Record extracts:
○ ○ ○ ○ ○ ○ ○

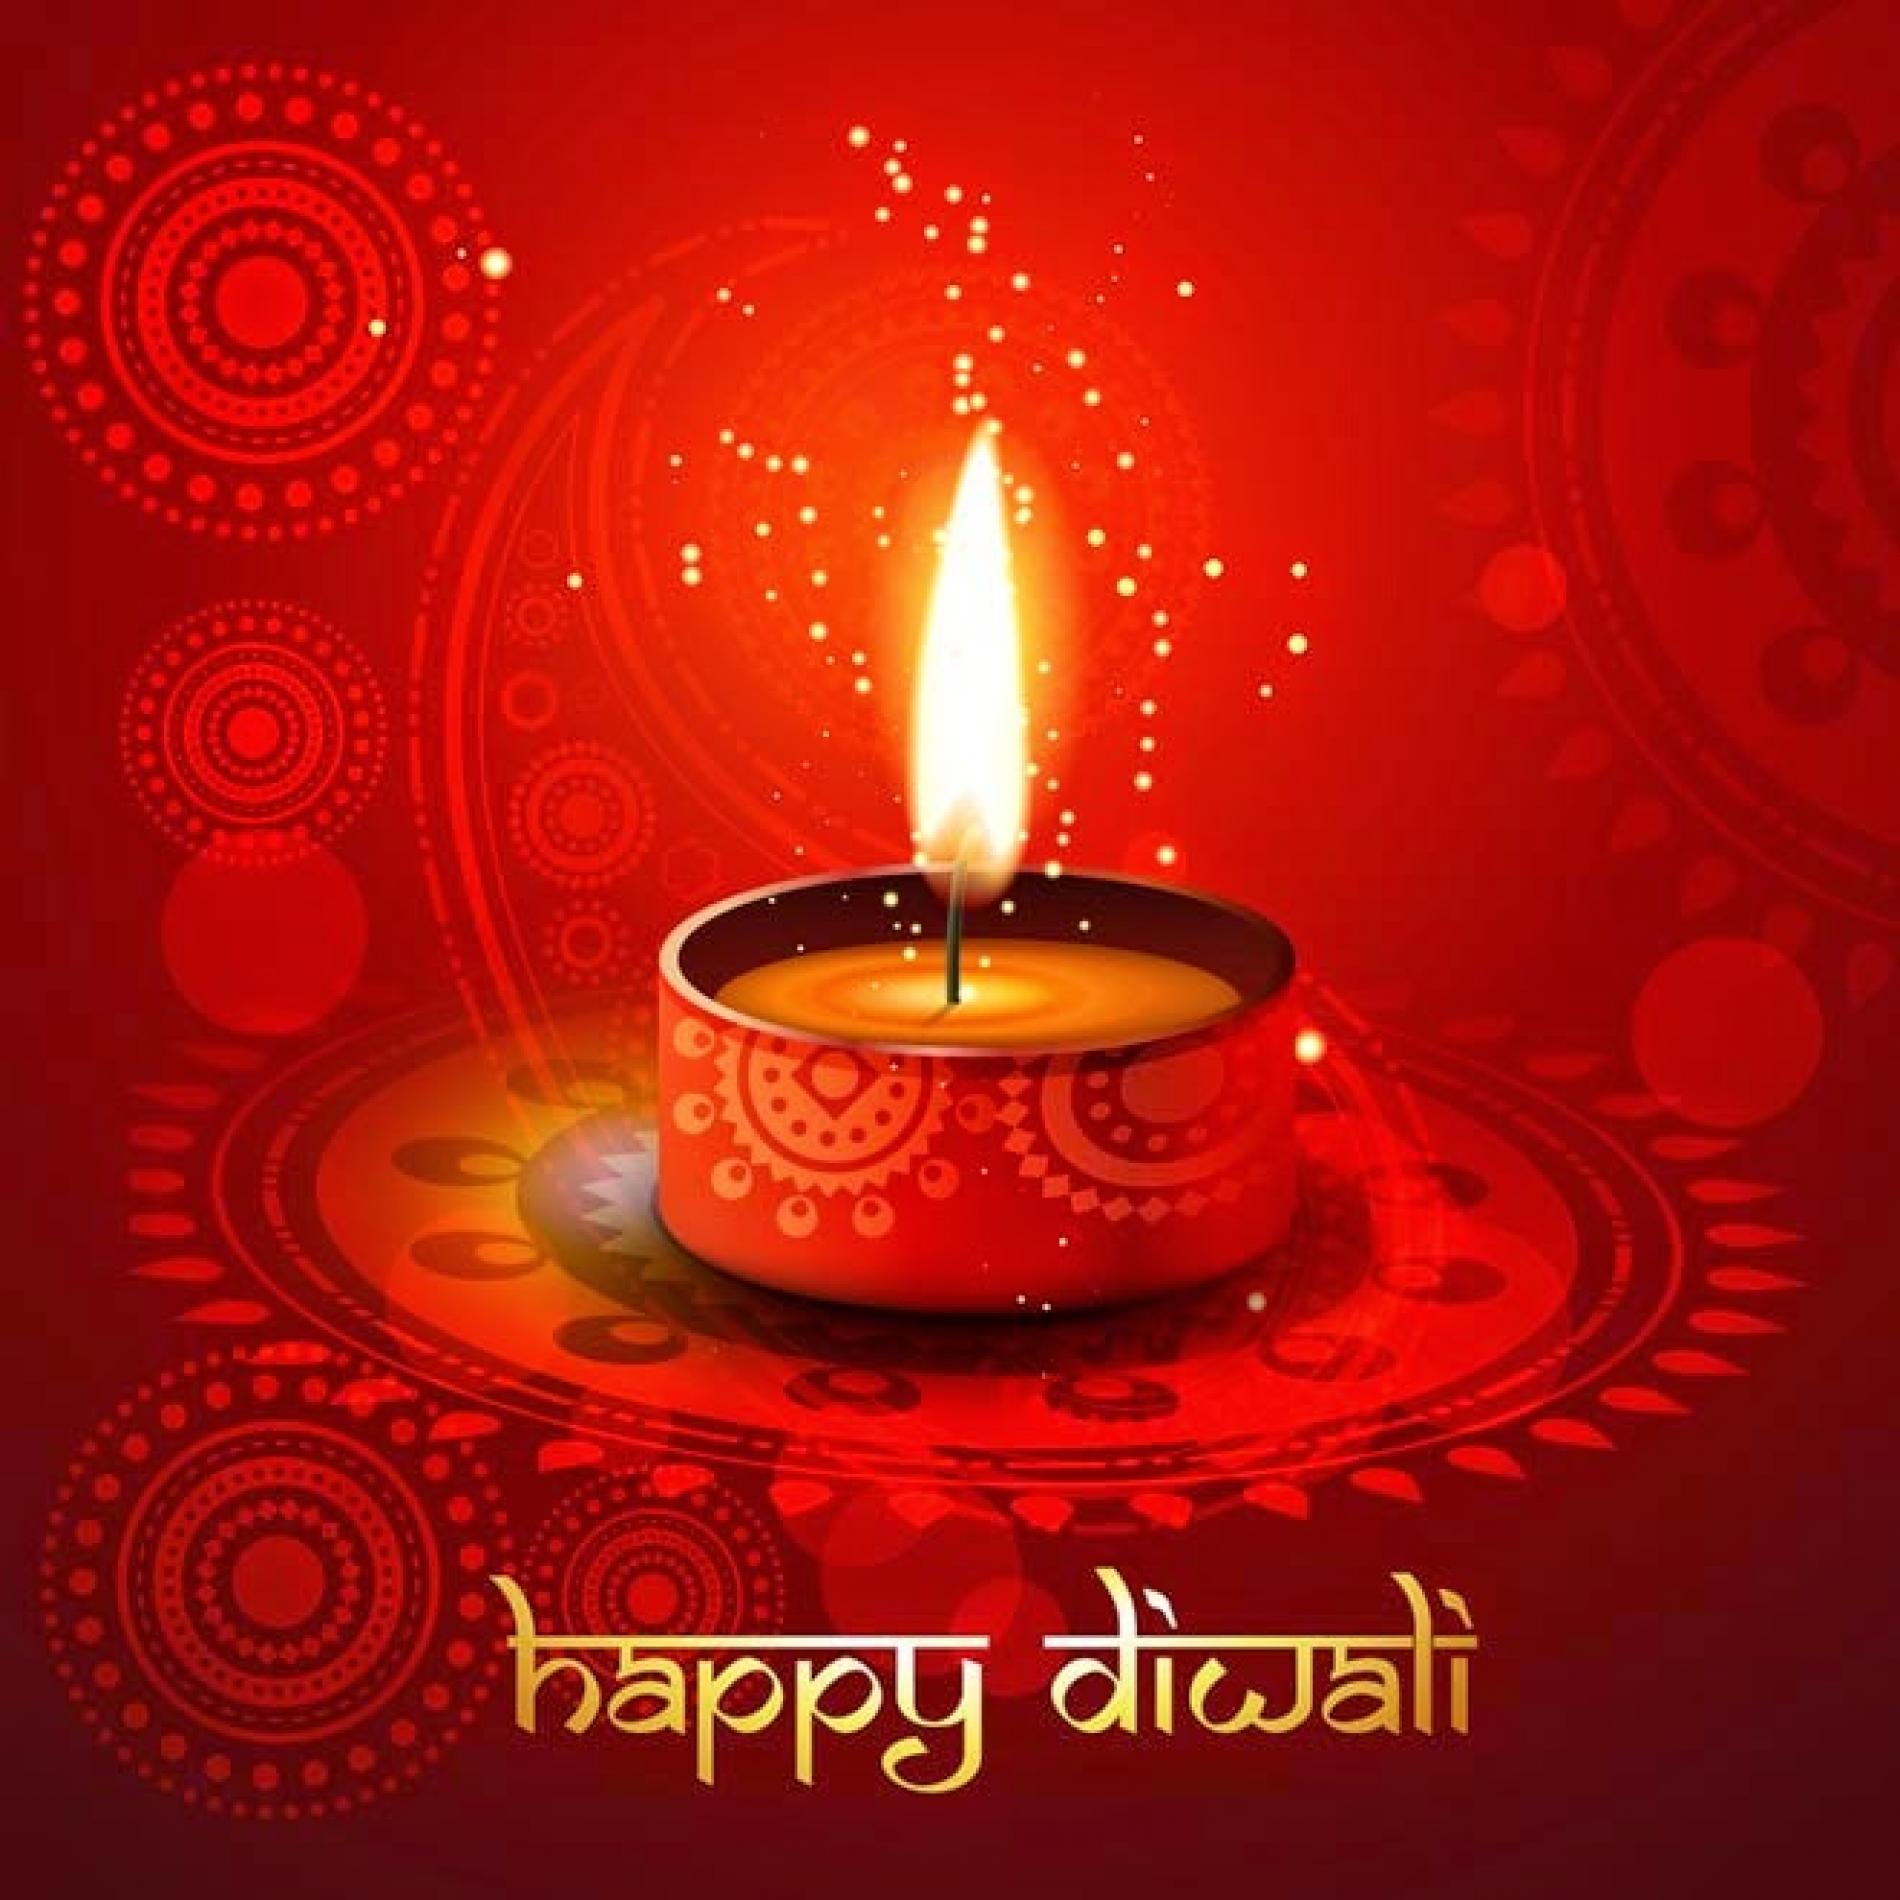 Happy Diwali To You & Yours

○ ○ ○ ○ ○ ○ ○

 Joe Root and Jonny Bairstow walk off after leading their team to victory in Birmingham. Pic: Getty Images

○ ○ ○ ○ ○ ○ ○

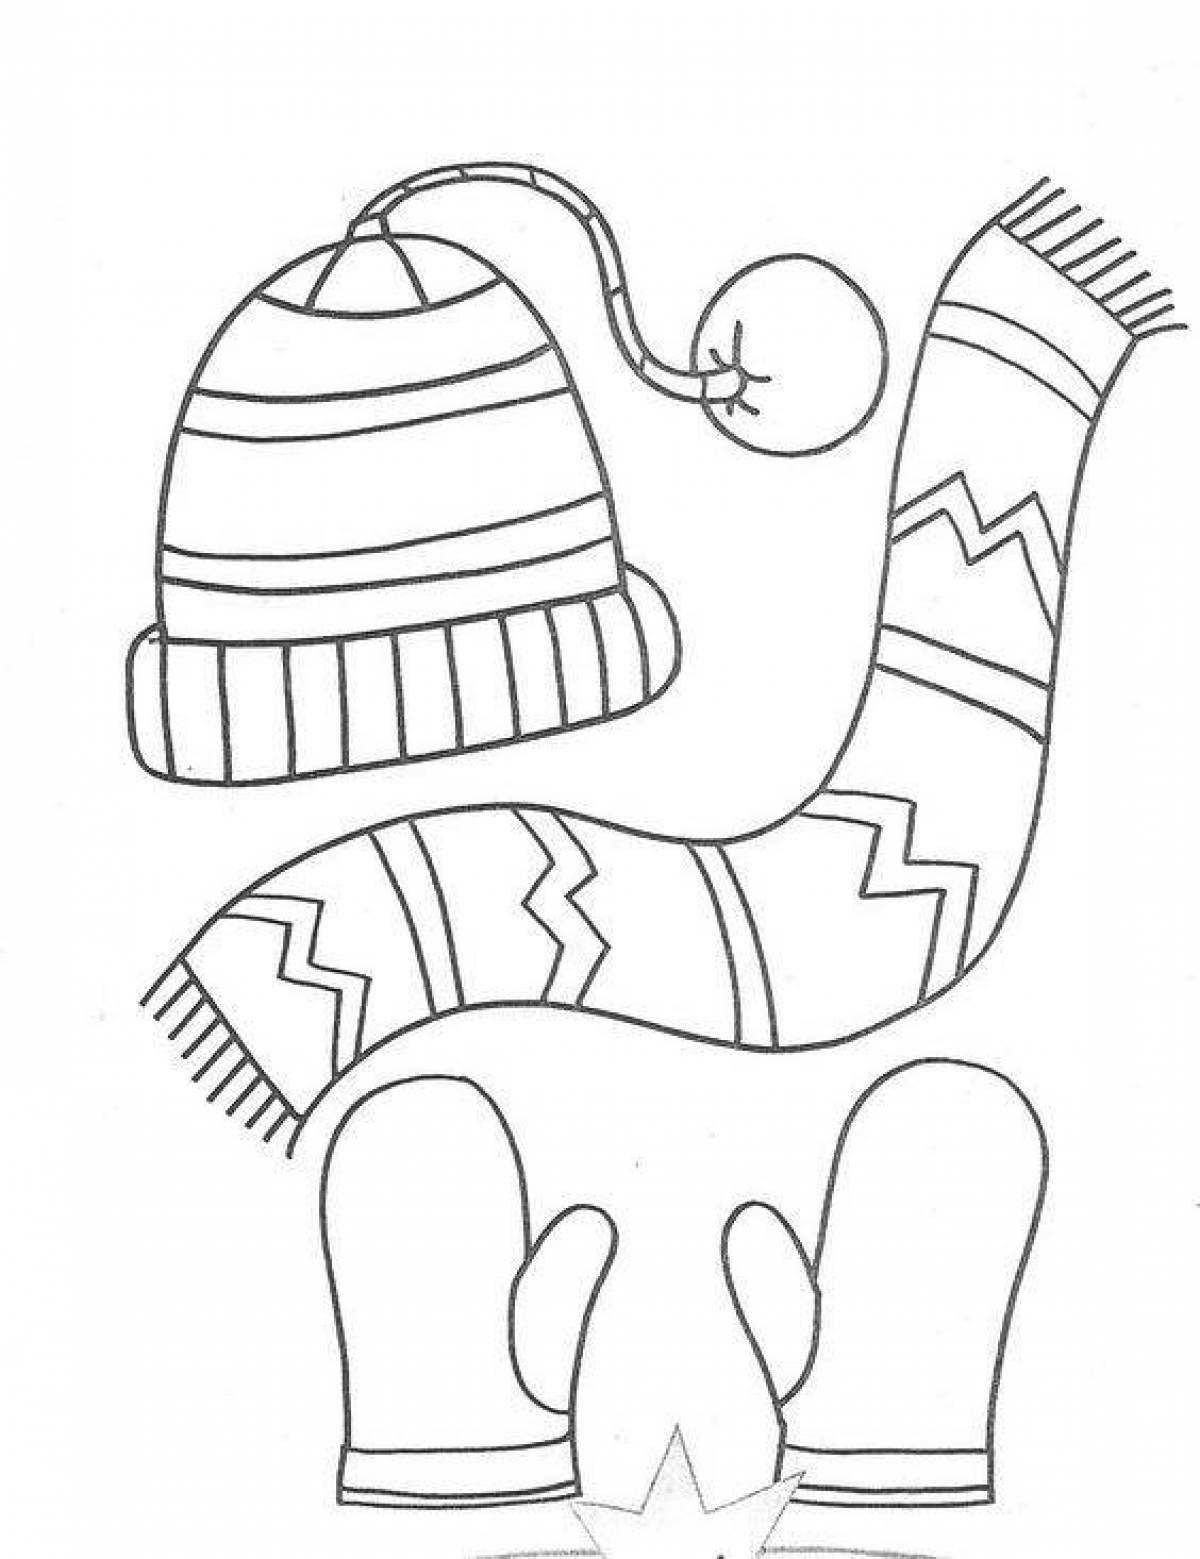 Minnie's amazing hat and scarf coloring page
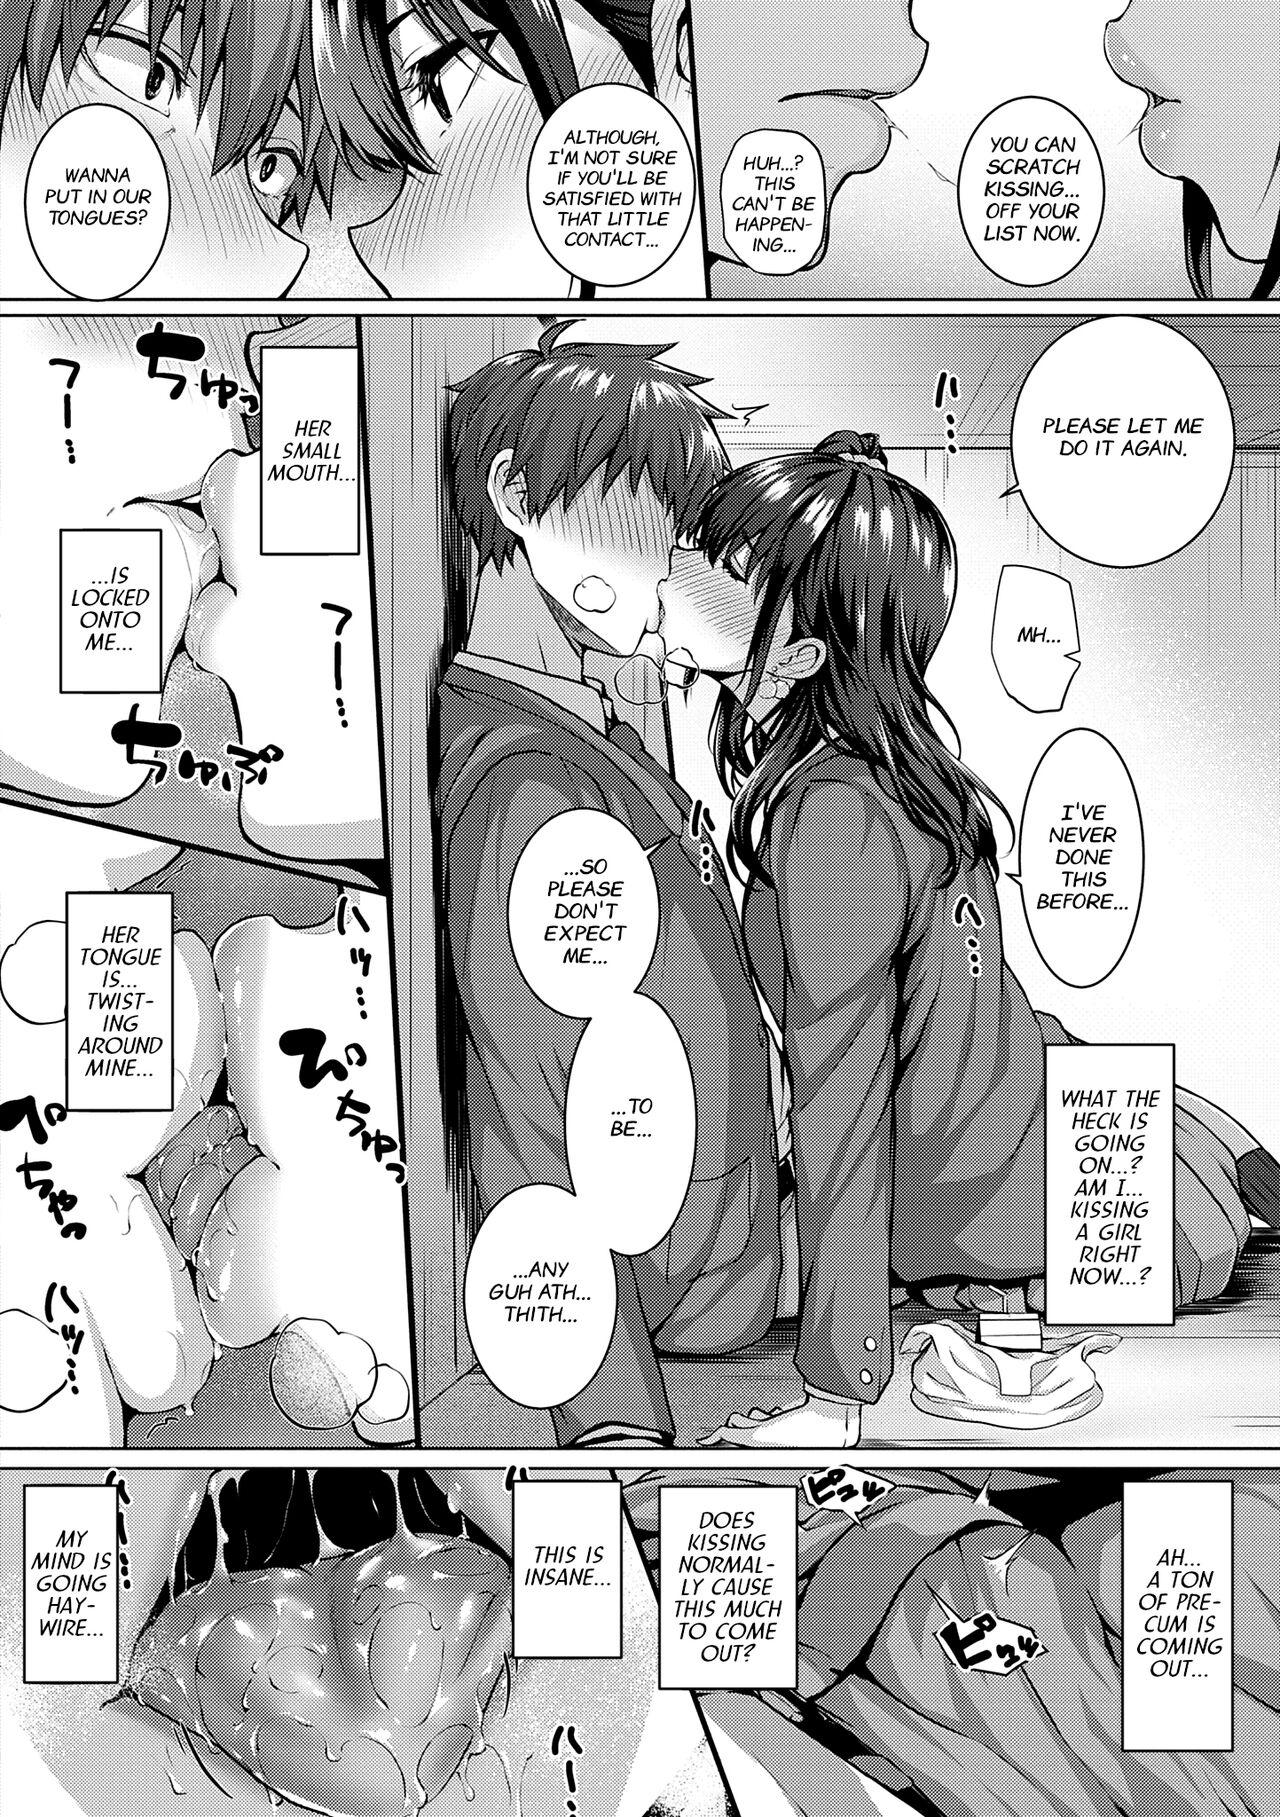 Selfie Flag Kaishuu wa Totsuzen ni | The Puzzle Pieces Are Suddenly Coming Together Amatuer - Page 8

○ ○ ○ ○ ○ ○ ○

Exercise goal: Write out exactly the run of lines above that starts at the line containing "Minnie's amazing hat and scarf coloring page" and ends at the line containing "Selfie Flag Kaishuu". Include both, and leave the pictures out.

Reply:
 Minnie's amazing hat and scarf coloring page
 Selfie Flag Kaishuu wa Totsuzen ni | The Puzzle Pieces Are Suddenly Coming Together Amatuer - Page 8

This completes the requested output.